Four Phases. One Cycle.

Each 12-week block is designed to be run repeatedly. You finish stronger than you started, reset the anchor weights at a new baseline, and run it again.

Weeks 1–2

Foundation

Establish your working weights. Sets should feel challenging but controlled. Technique review. No grinding reps.

  • Select weights you can complete all 5×8 with 1–2 reps in reserve
  • Focus on bar path, bracing, and consistent execution
  • Do not push for PRs — establish the baseline

Weeks 3–8

Double Progression

The engine of the program. Progress weight on anchor lifts whenever all 5×8 reps are completed. Expect 2–4 increases per lift.

  • Add 5 lb upper / 10 lb lower each time you hit 5×8 clean
  • If you miss reps, repeat the weight next session
  • Log every session — tracking drives progression

Weeks 9–11

Push Phase

Transition to heavier loads with adjusted rep targets. Anchor sets shift to 5×5 at a weight 10–15% above your Phase II peak.

  • Anchor lifts drop to 5 reps per set, heavier weight
  • Continue double progression within the 5-rep range
  • Accessories stay at original rep targets

Week 12

Deload

Mandatory. Non-negotiable. Recovery is where adaptation happens. Show up, move the bar, go home.

  • 3 sets on all exercises — anchor lifts included
  • Use 60% of your Phase II working weight
  • No PRs, no grinding — full range, full recovery

Starting the Next Cycle

After Week 12, reset each anchor lift to 85–90% of your Phase II peak working weight and begin Phase I again. Your new baseline will be higher. The cycle drives long-term progression across multiple runs — not just within one.

Double Progression

Double progression means you progress in two dimensions: reps first, then weight. You earn the right to add weight by completing all prescribed reps. You don't guess — you earn.

  1. Start at a Submaximal Weight

    Your first session working weight should be one you can complete all 5×8 reps with 1–2 reps still in reserve on the final set. If it feels light, good. The load will increase.

  2. Complete All Reps Before Adding Weight

    All 5 sets must reach 8 reps before you increase the load. If you complete 8, 8, 8, 8, 7 — you stay at that weight next session. No rounding up. No exceptions.

  3. Increment by Fixed Jumps

    Upper body lifts (bench, OHP): add 5 lb per increment. Lower body lifts (squat, deadlift): add 10 lb per increment. Microplates are acceptable for stalls on upper body late in a cycle.

  4. Stalls Are Information, Not Failure

    If you miss the same reps for two sessions in a row, drop the weight 10% and rebuild. A stall means recovery, technique, or load management needs attention — not that you've hit a ceiling.

  5. Log Every Session

    You cannot manage what you don't measure. Write down sets, reps, and weight for every anchor lift, every session.
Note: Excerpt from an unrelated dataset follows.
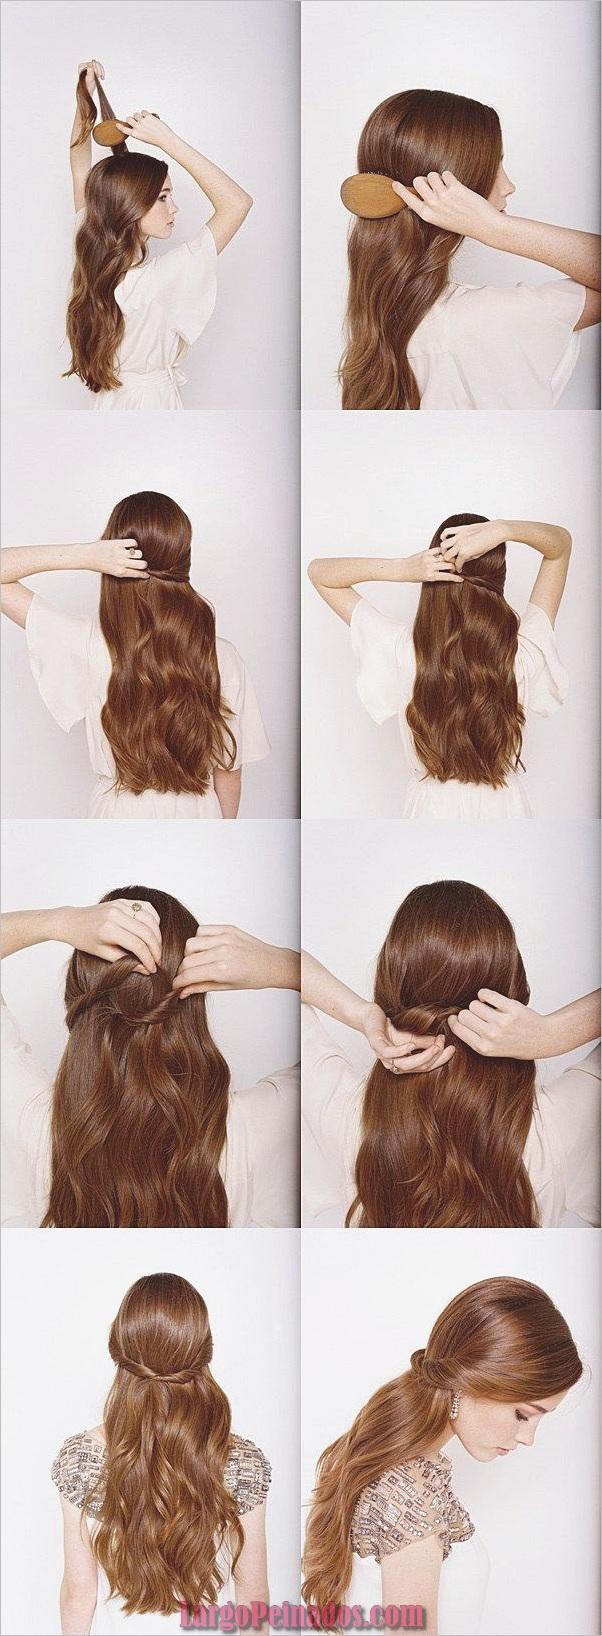 Peinados simples de cinco minutos (12)
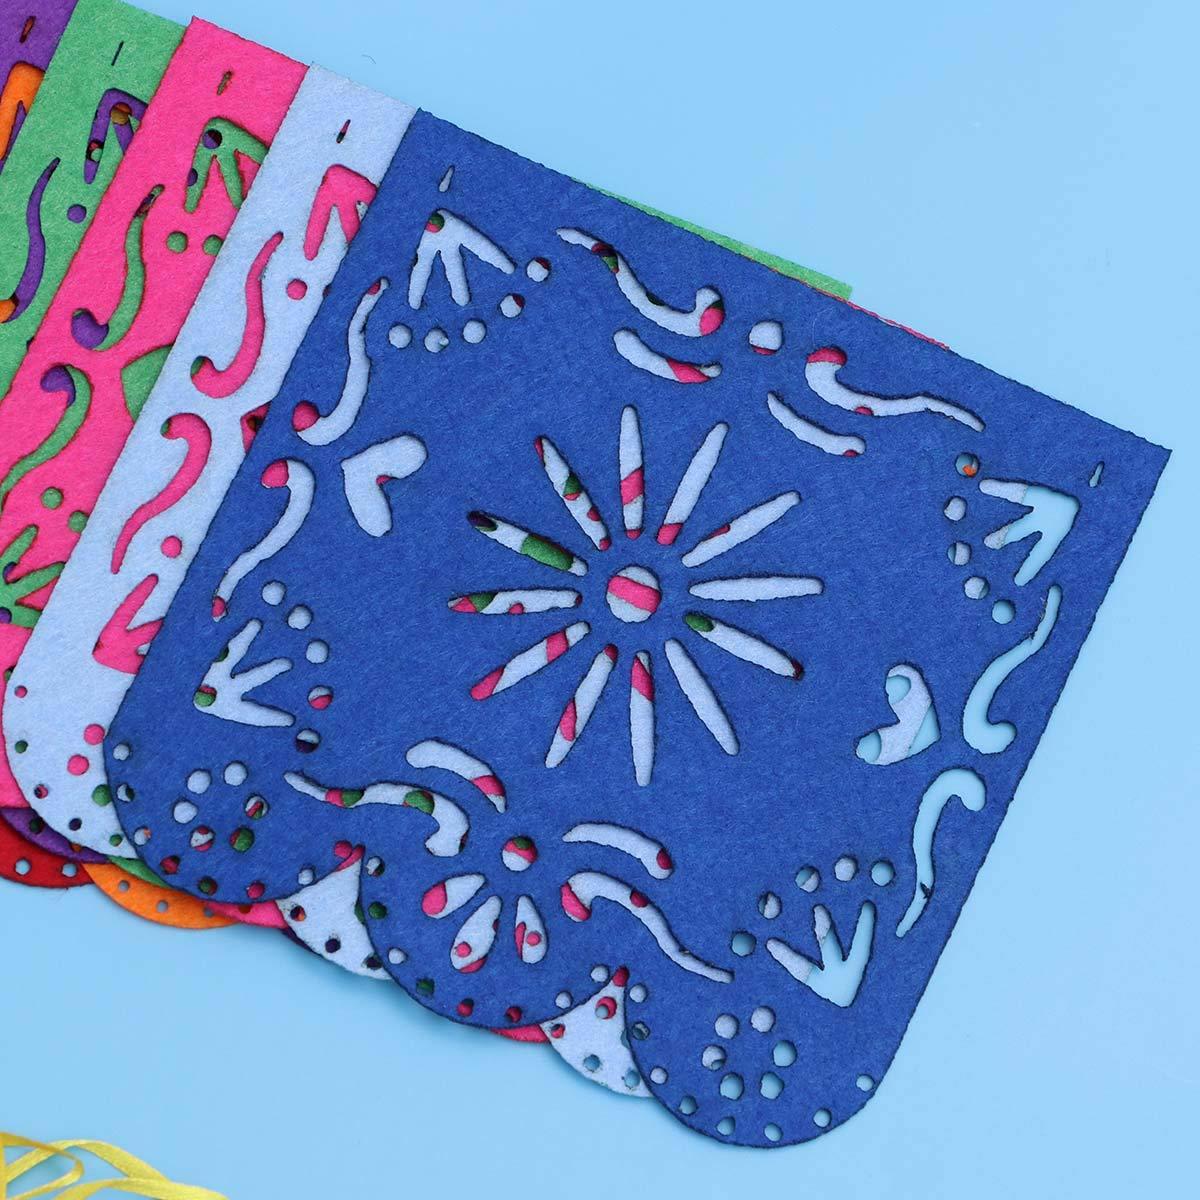 Vosarea Papel Picado Banner Square Fieltro Vibrante Paneles de Flores Papel de Seda para cumplea/ños Fiesta de Bodas

This is how you see the progress that feels invisible week to week.

Worked Example — Bench Press (Phase II)
Session 1 185 lb — 8, 8, 8, 7, 7 Hold weight
Session 2 185 lb — 8, 8, 8, 8, 7 Hold weight
Session 3 185 lb — 8, 8, 8, 8, 8 ✓ +5 lb
Session 4 190 lb — 8, 8, 8, 7, 6 Hold weight
Session 5 190 lb — 8, 8, 8, 8, 7 Hold weight
Session 6 190 lb — 8, 8, 8, 8, 8 ✓ +5 lb
Session 7 195 lb — 8, 8, 8, 8, 8 ✓ +5 lb
Session 8 200 lb — 8, 8, 8, 7, 6 Hold weight

Over 8 sessions in Phase II, this lifter moved from 185 lb to 200 lb on the bench — a 15 lb increase — without grinding or missing sets permanently. Slow feels fast when you look back.

Weekly Volume by Muscle Group

Every muscle group that matters gets trained twice per week or more. Volume is deliberately structured — not random accumulation.

Muscle Group Sets / Week Volume Training Days
Chest 15
Tue • Sat
Back 15
Tue • Thu • Sat
Shoulders 25
Tue • Sat
Biceps 20
Sun • Thu
Triceps 30
Sun • Tue • Thu • Sat
Quads 5
Sun
Hamstrings & Glutes 10
Sun • Thu
Traps 5
Thu
Calves 10
Tue • Sat
Core 20
Sun • Sat

Note: Anchor lifts contribute to multiple muscle groups — Squat sets are counted toward Quads and Hamstrings/Glutes; Deadlift sets toward Back and Hamstrings/Glutes. Triceps volume is high by design: heavy pressing is triceps-dependent, and direct work accelerates arm development.